В телефон включился Федорищенко:

- Товарищ штурман, проходим линию фронта! Облака горят. Видны вспышки и зарева.

- Хорошо, Федорищенко. Спасибо. Всё правильно. Михаил Васильевич! докладываю я, - прошли линию фронта с небольшим отклонением влево от маршрута.

- Влево это ничего. Подальше от Москвы пройдём. Так теперь, пожалуй, начнём снижаться? Какая погода на аэродромах? - спрашивает Водопьянов.

- Товарищ командир, - докладывает радист, - вот сейчас получил погоду: на обоих аэродромах сплошные облака высотой двести метров.

- Маловато высоты... Надо начинать снижаться и пробивать облака, проговорил Водопьянов.
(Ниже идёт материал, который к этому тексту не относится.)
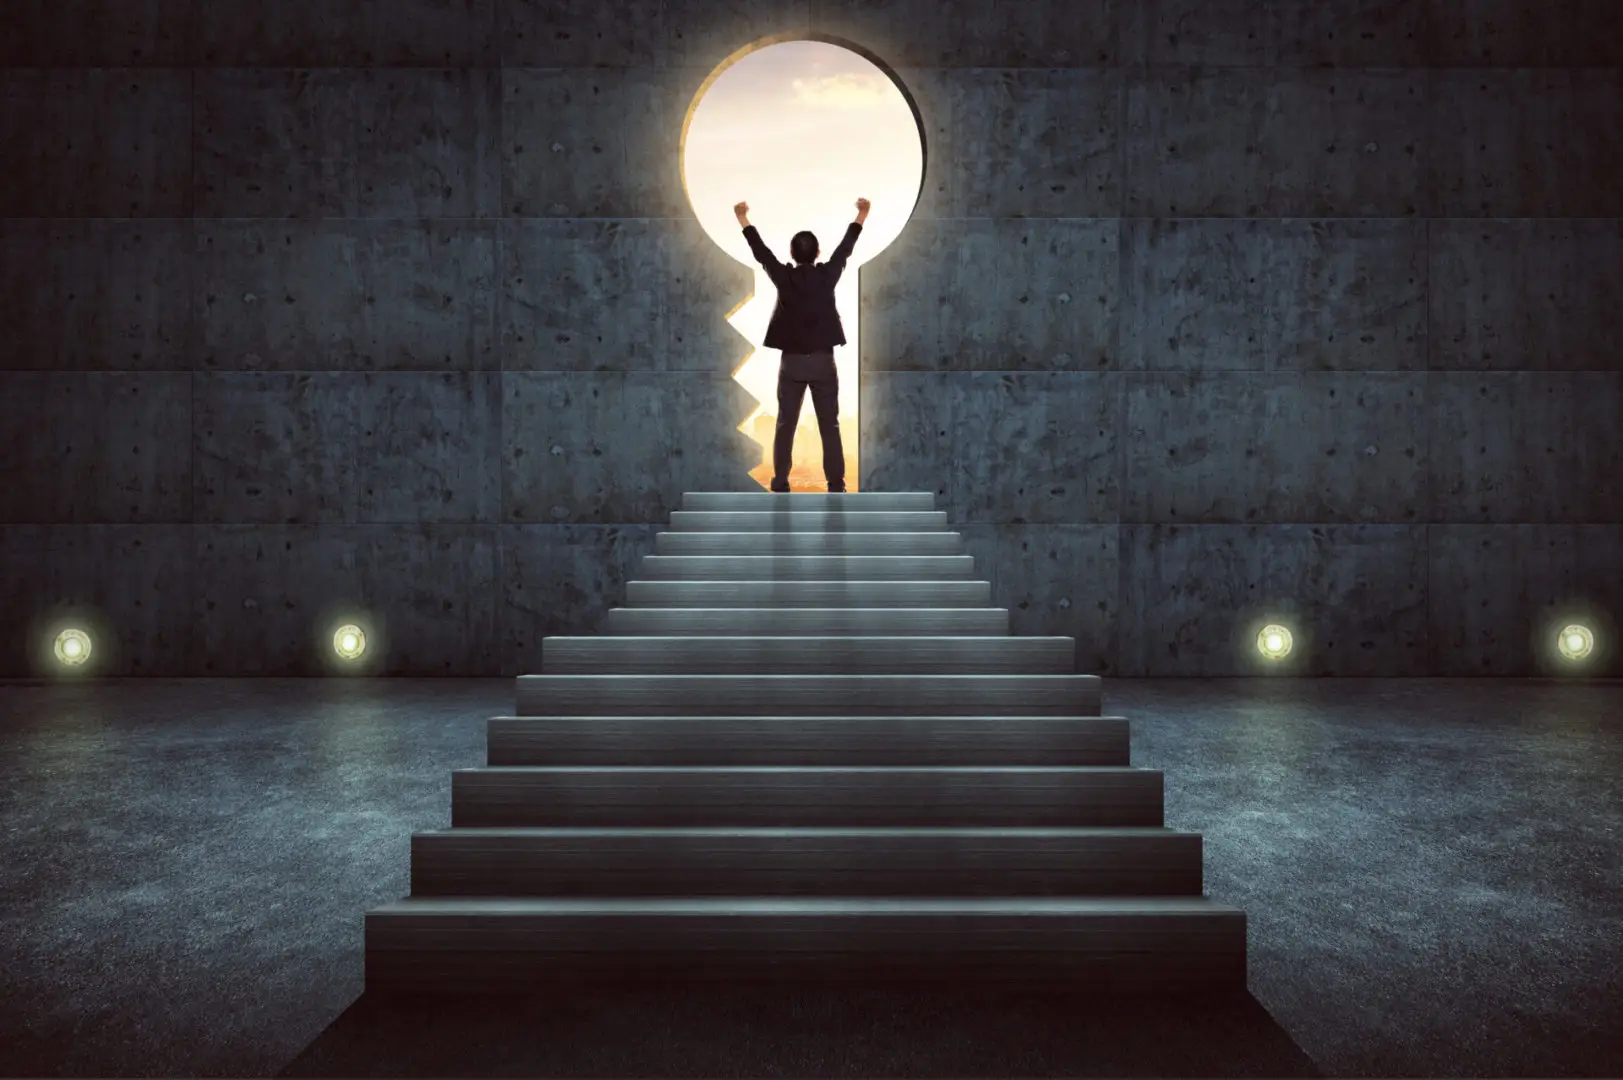 Symbolisches Bild eines Mannes, der triumphierend am Ende einer Treppe steht und die Arme in einem runden Fenster zum Sonnenuntergang hebt, was den Weg zum Traumjob darstellt.
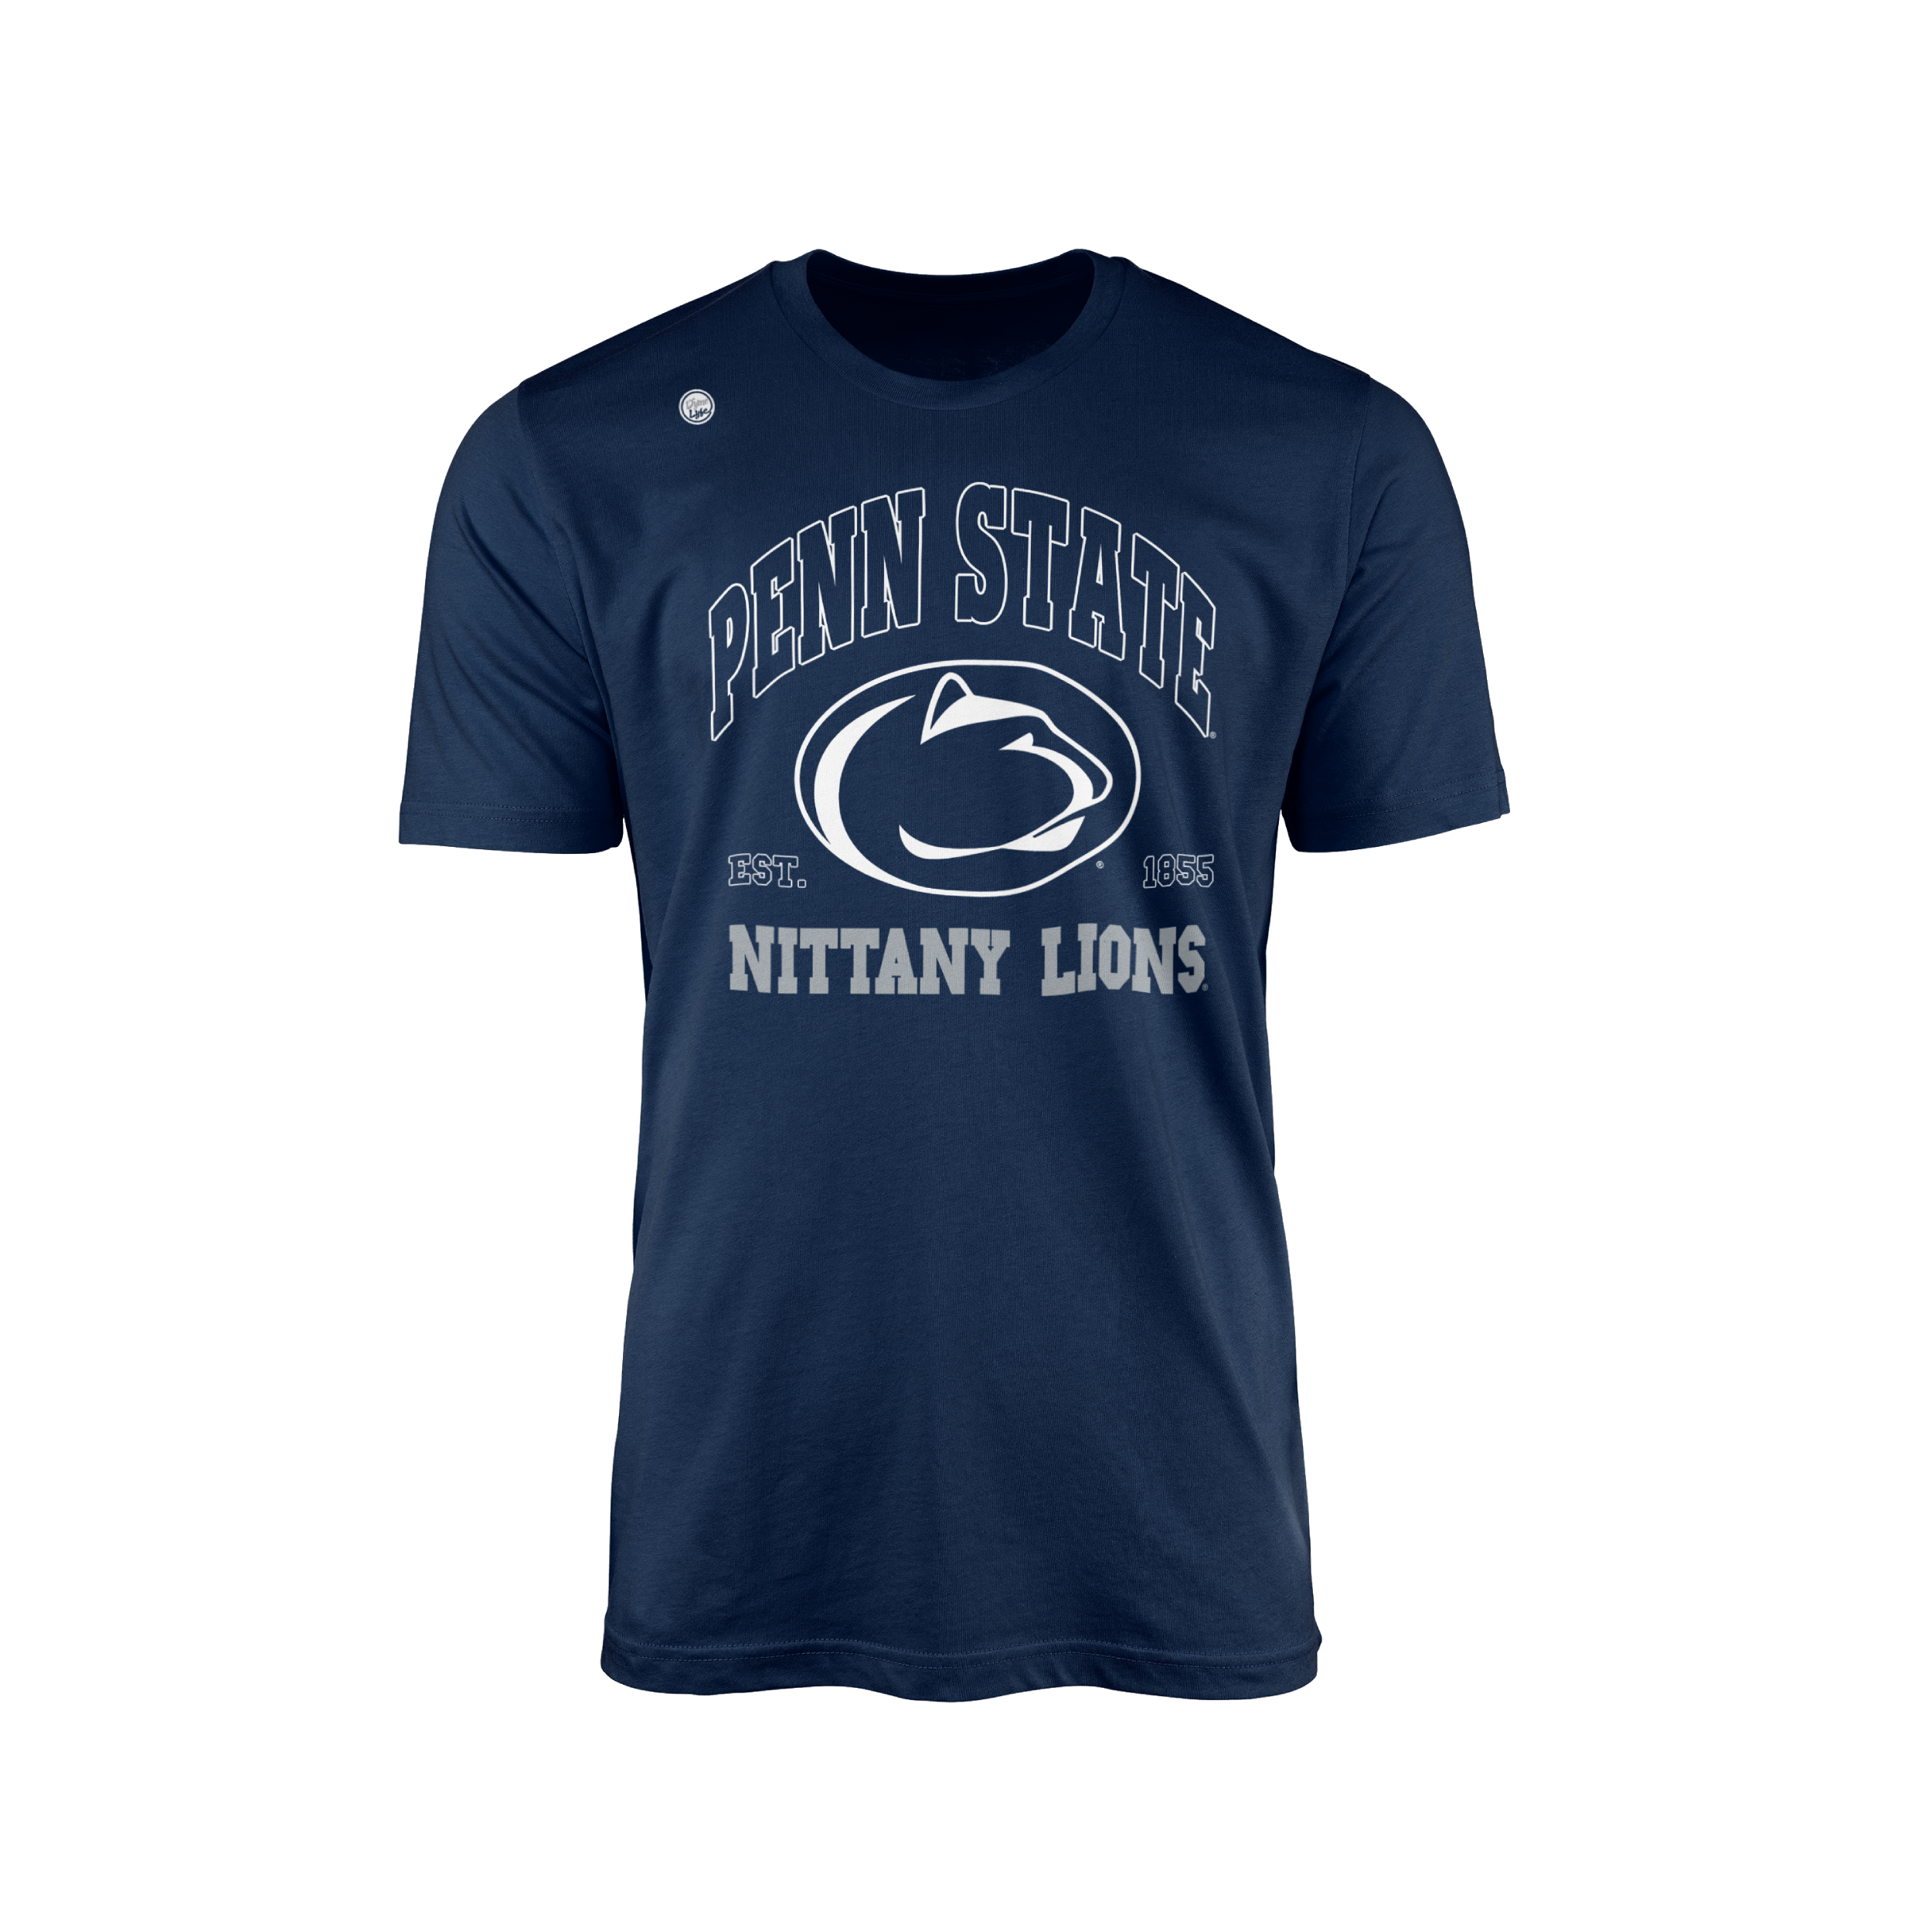 Penn State Nittany Lions Men’s Est. Tee

- Михаил Васильевич, ведите машину с небольшим снижением до поверхности облаков. Пробивать же вниз и выходить под облака будем над первым аэродромом по радиокомпасу. В другом месте и высота облаков может быть ниже и где-нибудь за бугор можем зацепиться.

Высота полёта 3500 метров, температура минус 10°.

Самолёт низко, чиркая брюхом по верхушкам, быстро несётся над облаками, и кажется, что это не облака, а что мы идём бреющим полётом над снежным полем.

- А как, Саша, радиокомпас, надёжно работает?

- Надёжно, Михаил Васильевич. Да ты сам послушай, как раз сейчас Лемешев поёт про тройку почтовую. Это про нас с тобой поёт, только у нас четвёрка...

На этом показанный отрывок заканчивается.